Одни нелепости ведут за собой другие. А что касается моральной и гражданской философии схоластов, то в ней имеются те же, если не еще большие, нелепости. Если человек совершает противозаконное действие, т.е. действие, противное законам, то схоласты говорят, что Бог – первая причина закона, а также первая причина этого и всех других действий, но он не причина противозаконности действия, заключающейся в несоответствии закону. Это пустая философия. С таким же основанием можно было бы сказать, что один человек делает как прямую, так и кривую [c.519] линию, а другой человек делает их несоответствие. Такова философия людей, которые выводят заключения, прежде чем познают их предпосылки, которые претендуют на понимание непостижимого и из атрибутов, выражающих почитание, выводят атрибуты, характеризующие природу почитаемого существа, как это было сделано для поддержания учения о свободе воли, т.е. воли человека, не подчиненного воле Бога.

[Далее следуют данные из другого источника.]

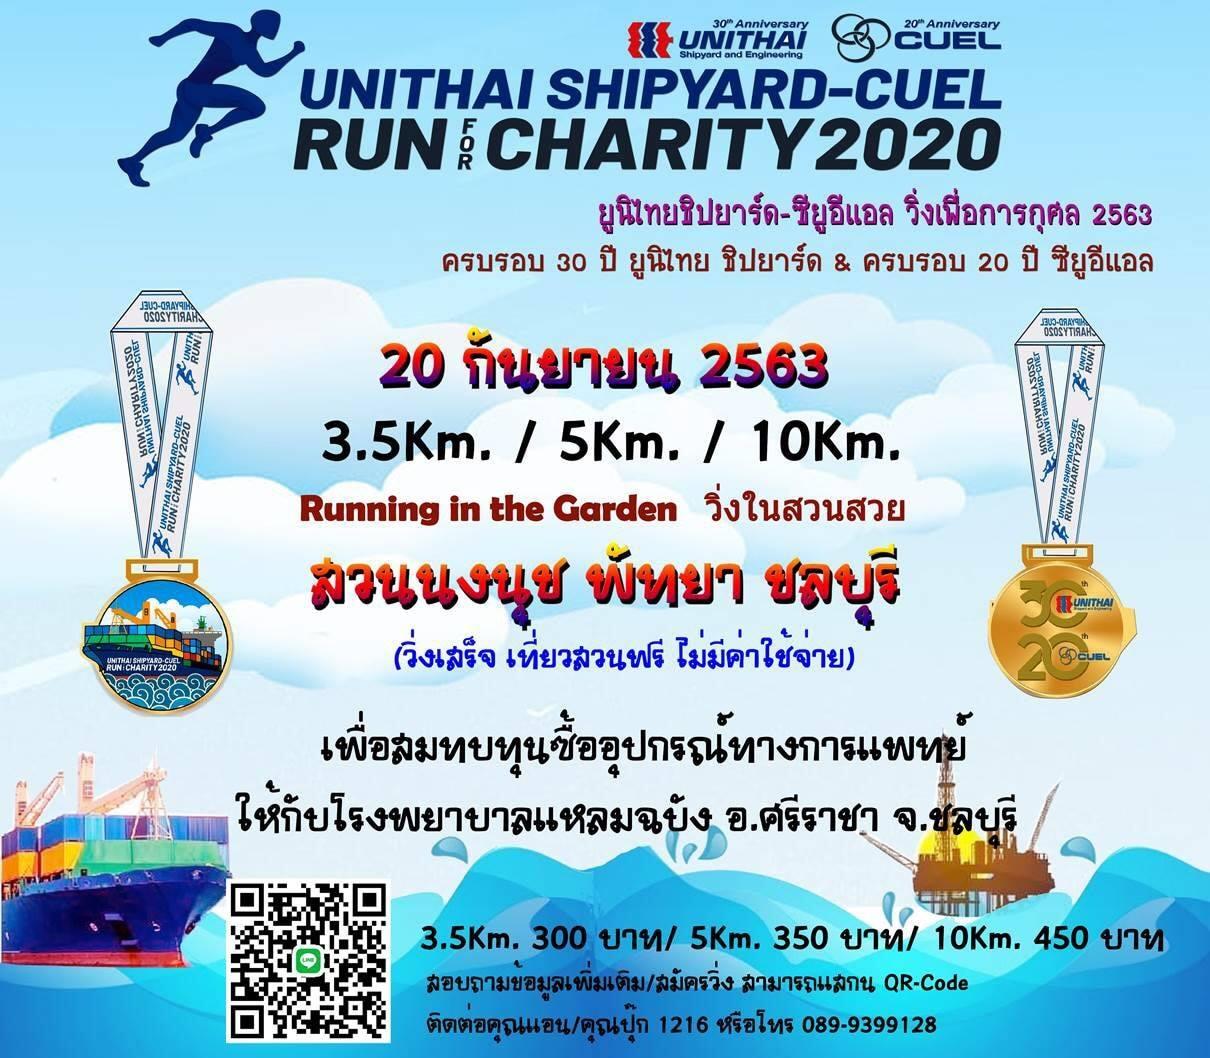 Unithai Shipyard-Cuel Run for Charity 2020

Личные влечения кладутся в основу правил общественного блага. Аристотель и другие языческие философы делают критерием добра и зла влечения людей. И это совершенно правильно, пока мы предполагаем людей живущими в состоянии, при котором каждый управляется своим собственным законом. Ибо в том состоянии, когда люди не имеют других законов, кроме своих собственных влечений, не может быть общего правила относительно добрых и злых деяний. Однако в государстве такое мерило неправильно. Ибо здесь мерилом служит не влечение частных лиц, а закон, являющийся волей и стремлением государства. Тем не менее это учение еще господствует в практике, и люди судят о честности и бесчестности действий, как своих собственных, так и других людей, а также и самого государства, руководствуясь собственными страстями, и всякий называет честным и бесчестным лишь то, что ему таковым кажется, совершенно не сообразуясь при этом с государственным законом. Исключение представляют в этом отношении лишь монахи и чернецы, обязанные в силу своего обета тем простым повиновением по отношению к своему настоятелю, к которому всякий подданный должен считать себя обязанным в силу естественного закона по отношению к гражданскому суверену. Это частное мерило добра является не только несостоятельным, но и гибельным для государства учением.

Утверждение о том, что законный брак противоречит целомудрию. Несостоятельная и ложная философия состоит также в утверждении, что брак противоречит целомудрию или воздержанию и, следовательно, является моральным пороком, как это делают те, кто из соображений целомудрия и воздержания устанавливает для духовенства безбрачие. Защитники безбрачия признают, что оно не более как установление церкви, требующей от духовного сана, обслуживающего постоянно алтарь и таинство святого причащения, постоянного воздержания от женщин под именем постоянного целомудрия, воздержания и чистоты. Поэтому они называют законное сожительство с женщинами [c.520] отсутствием целомудрия и воздержания и, таким образом, считают брак грехом или по крайней мере настолько нечистой вещью, что он делает человека непригодным для алтаря. Если закон о безбрачии духовенства был издан потому, что сожительство с женщинами есть невоздержание и нарушение целомудрия, тогда всякий брак является пороком. Если же он издан потому, что сожительство с женщиной есть нечто слишком нечистое для человека, посвятившего себя Богу, то еще более недостойными быть священниками должны были бы сделать людей другие естественные, необходимые и ежедневно отправляемые функции, так как последние еще более нечистые.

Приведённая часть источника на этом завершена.